Не успел я обжиться в Бомбее и привыкнуть к прогулкам на Малабар-хилле, в оазисе парадного великолепия колониальной Индии, как меня отправили в мою собственную железнодорожную одиссею. «Фронтир-мэйл», флагман местной железнодорожной сети, подхватил меня и унес в глубь континента чуть ли не на 1400 миль, до Равалпинди у подножия Гималаев, туда, где Пенджабская равнина вклинивается в афганские горы. Перечень остановок звучал вдохновленной литанией британского владычества: Ратлам, Нагда, Кота, Бхаратпур и Муттра; Дели, Чандигарх, Амритсар и Лахор; а уже после Лахора оставшиеся 180 миль по Пенджабу до Равалпинди. Всю дорогу я беспокоился об одном: сохранить револьвер; едва мы высадились в Индии, как нам начали твердить, дескать, революционеры пошаливают. Лишиться табельного оружия было все равно что лишиться головы. И все же, несмотря на опасения, я никогда не испытывал чувства, будто мне что-то угрожает, хоть я и ехал один на поезде, набитом сотнями индусов. Вот до чего прочным казалось наше господство.
Мое пребывание в Равалпинди укладывалось в стереотип о жизни британского офицера в колониальной Индии. Мне выделили домик с верандой, на который обычно претендуют в чине не ниже полковника, а кроме того, приставили денщика и дхоби, то есть мужчину-прачку. Раз я только что окончил учебку и владел самой свежей информацией о радиоделе, меня назначили лектором.
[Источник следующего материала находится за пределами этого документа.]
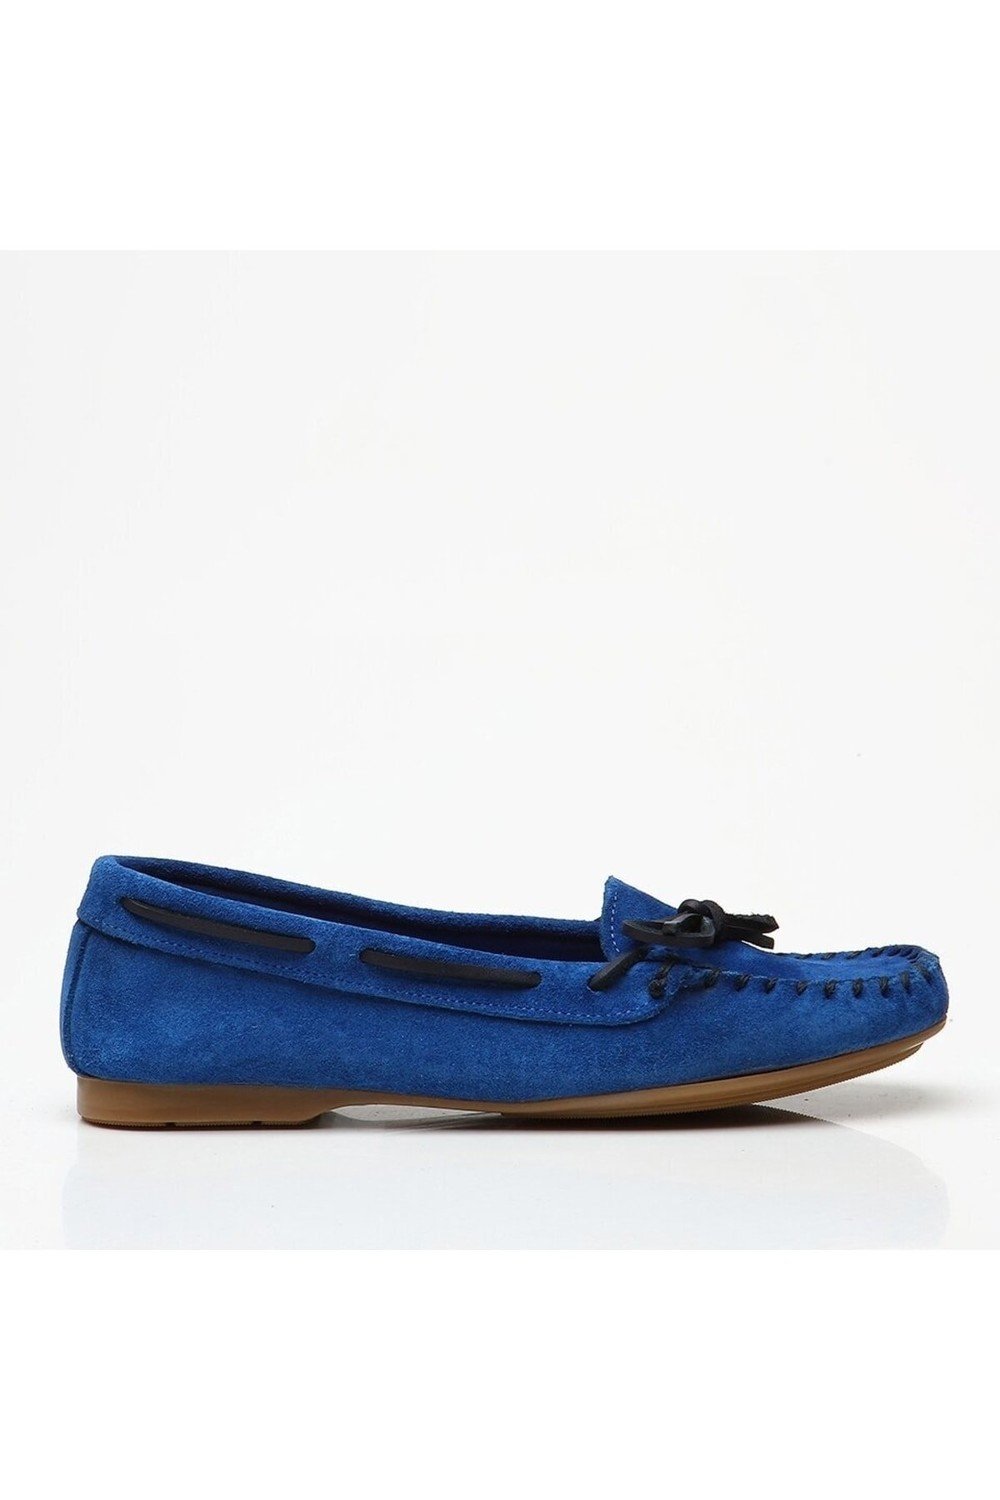 Hotiç Loafer Shoes - Blue - Flat

Пришлось выучиться сидеть и в седле, коль скоро Британская Индийская армия до сих пор передвигалась верхом. Я уж не говорю про старые модели армейских раций, которые перевозили на вьючных животных вроде мулов. А еще у нас на вооружении были гелиографы, эдакие треножники с круглыми зеркалами, которые в светлое время суток расставляли на линии прямой видимости. Я словно неспешно погружался в прошлое, в архаический военный быт.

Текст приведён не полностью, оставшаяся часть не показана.